In the process of NAFLD progression to NASH, mitochondrial dysfunction is one of the important mechanisms. One of the main causes of mitochondrial deterioration in NASH is fatty acid oxidation and lipotoxicity (Carnagarin et al., 2021). The ever-increasing flux of fatty acids through mitochondria and the TCA cycle generated harmful ROS that attack the mitochondrial respiratory chain and mitochondrial DNA, and inhibit mitochondrial respiratory chain complex activity (Mooli and Ramakrishnan, 2022). Over time, mitochondria gradually became dysfunctional, triggering oxidative stress, ATP depletion, and disruption of mitochondrial integrity, all of which lead to hepatocyte death (Manne et al., 2018). Interestingly, both mitochondrial DNA and oxidized mitochondrial DNA released into the cytoplasm during programmed cell death cause inflammasome activation. These results provided a link between mitochondrial dysfunction, apoptosis, and inflammasome activation.

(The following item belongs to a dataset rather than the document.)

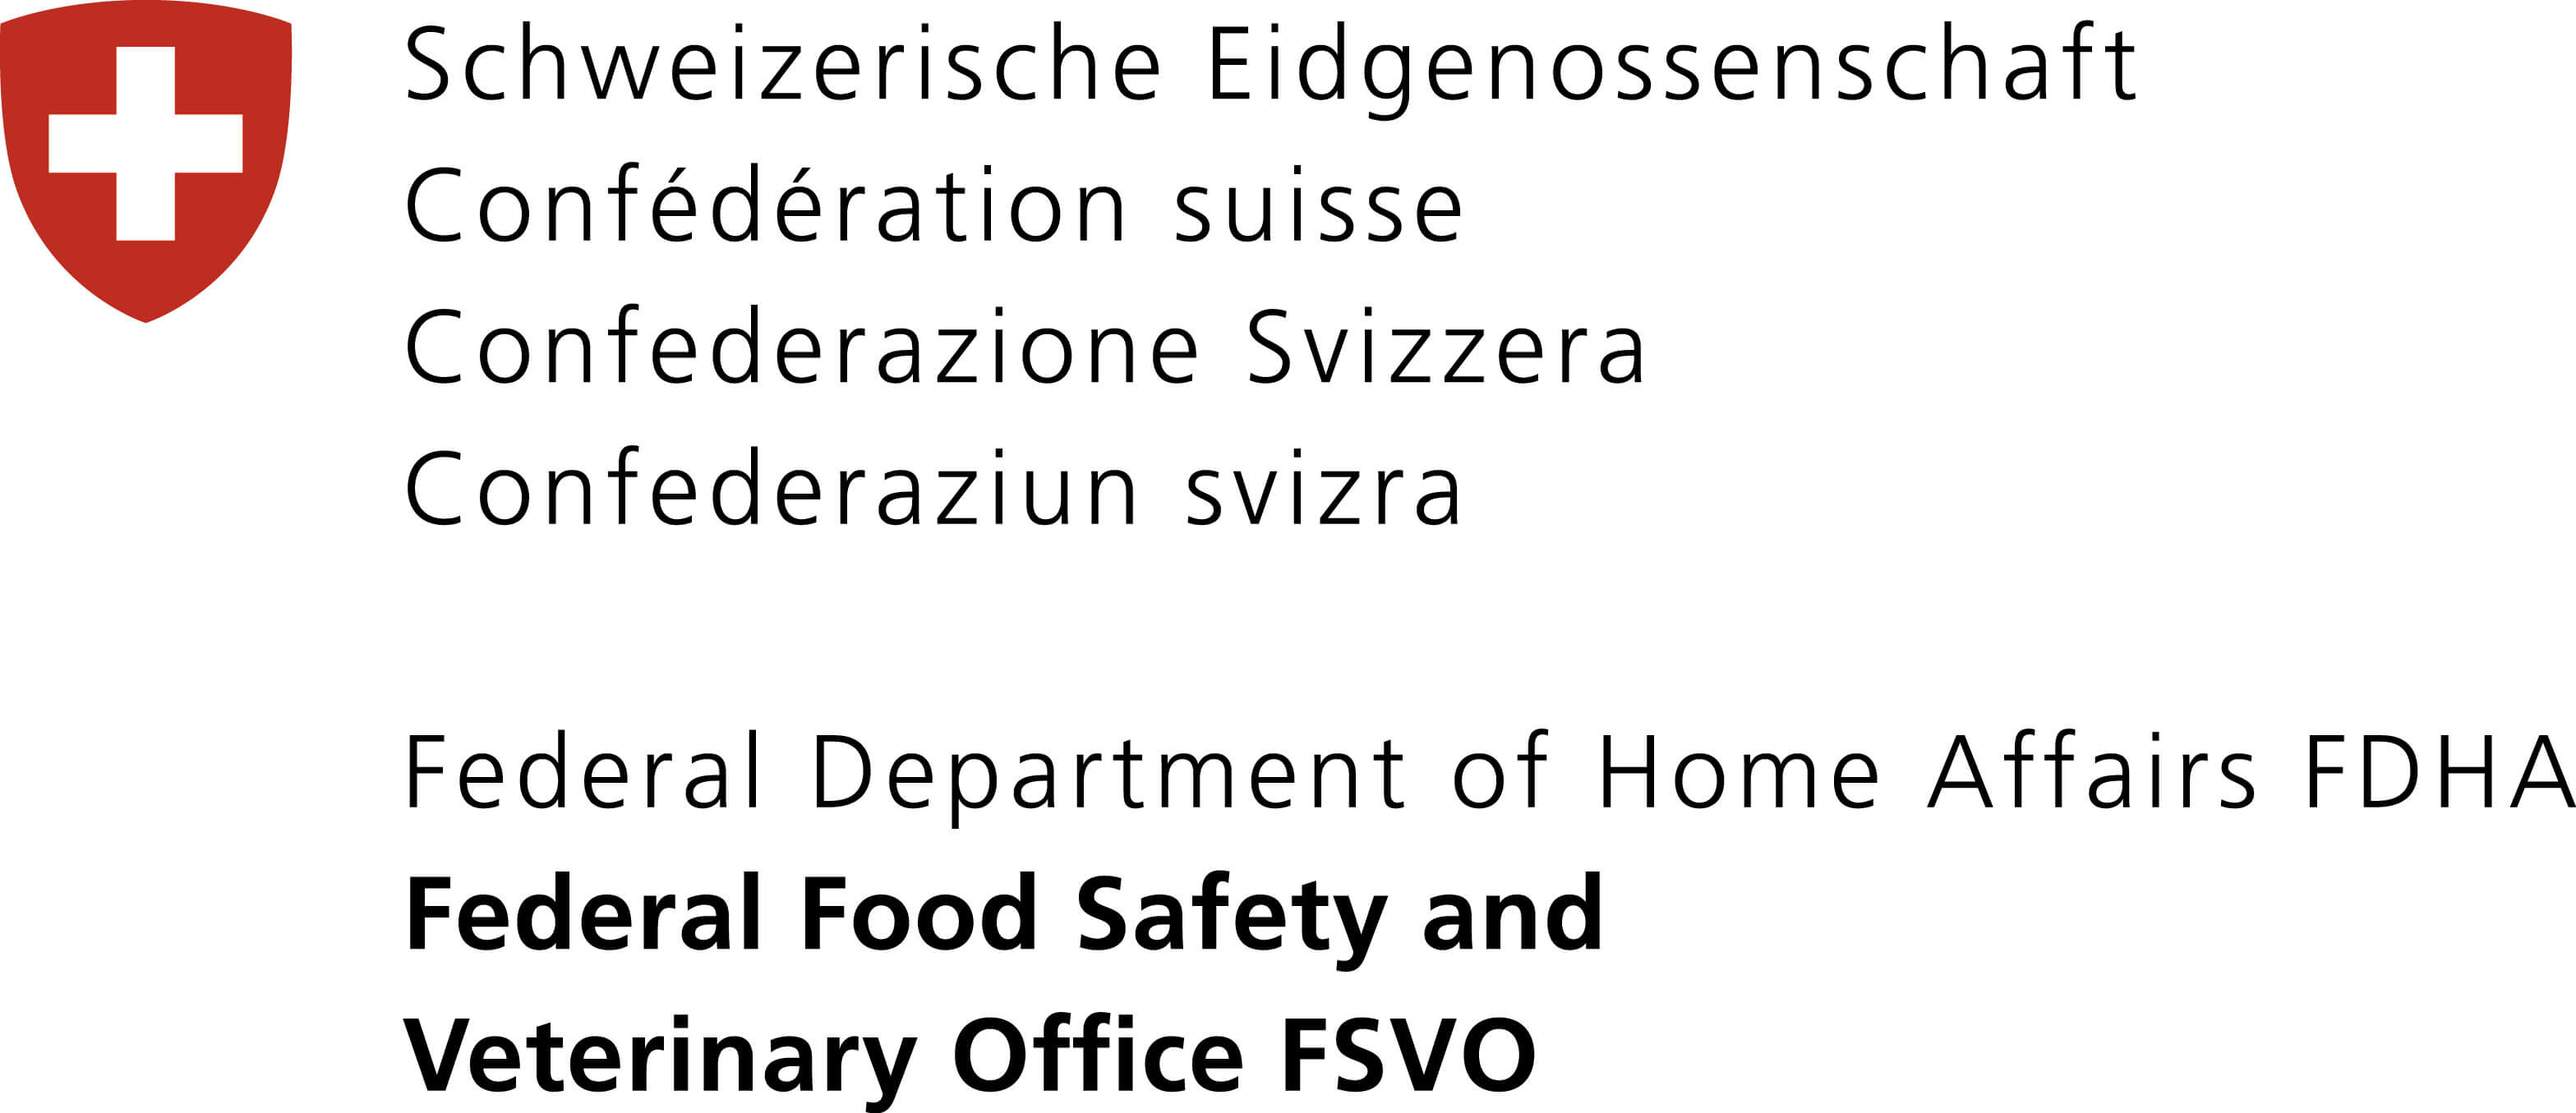 SECO - State Secretariat for Economic Affairs in Switzerland

Free fatty acids derived from adipose tissue breakdown serve as natural nuclear receptor ligands and play a major role in the regulation of NASH-related lipid metabolism and inflammation (Yadati et al., 2021). Polyunsaturated fatty acids and their derivatives could activate peroxisome proliferator-activated receptor-α (PPARα), which could induce the expressions of genes involved in fatty acid oxidation and insulin sensitivity, and downregulate nuclear factor κB (NF-κB) level (Geethangili et al., 2021; López-Salazar et al., 2021). However, in a mouse model of NASH, a diet fed polyunsaturated fatty acids activates PPARα signaling and inhibits hepatic de novo fat synthesis, but does not prevent steatohepatitis (Ishida et al., 2021), which is likely to high levels of hepatic lipid peroxidation in this model abolished the protective effect of PPARα activation and resulted in lipotoxic hepatocyte injury and inflammatory cells recruitment. Similar to PPARα, PPARγ activation attenuates inflammation through multiple mechanisms, including decreased NF-κB activity and decreased TNF-α and IL-1β synthesis in monocytes and macrophages (Liu et al., 2022). As a master regulator of macrophage polarization, activation of PPARγ promotes the transition of macrophages from an M1-dominant phenotype to an M2 phenotype, thereby attenuating inflammation in experimental NASH (Luo et al., 2017; Valenzuela et al., 2017). Furthermore, PPARδ directly controls the inflammatory response of Kupffer cells in the liver. Other members of the nuclear receptor family, such as liver X receptors (LXRs), are also critical for the control of fatty acid synthesis and inflammation (Cai et al., 2017; Welch et al., 2022).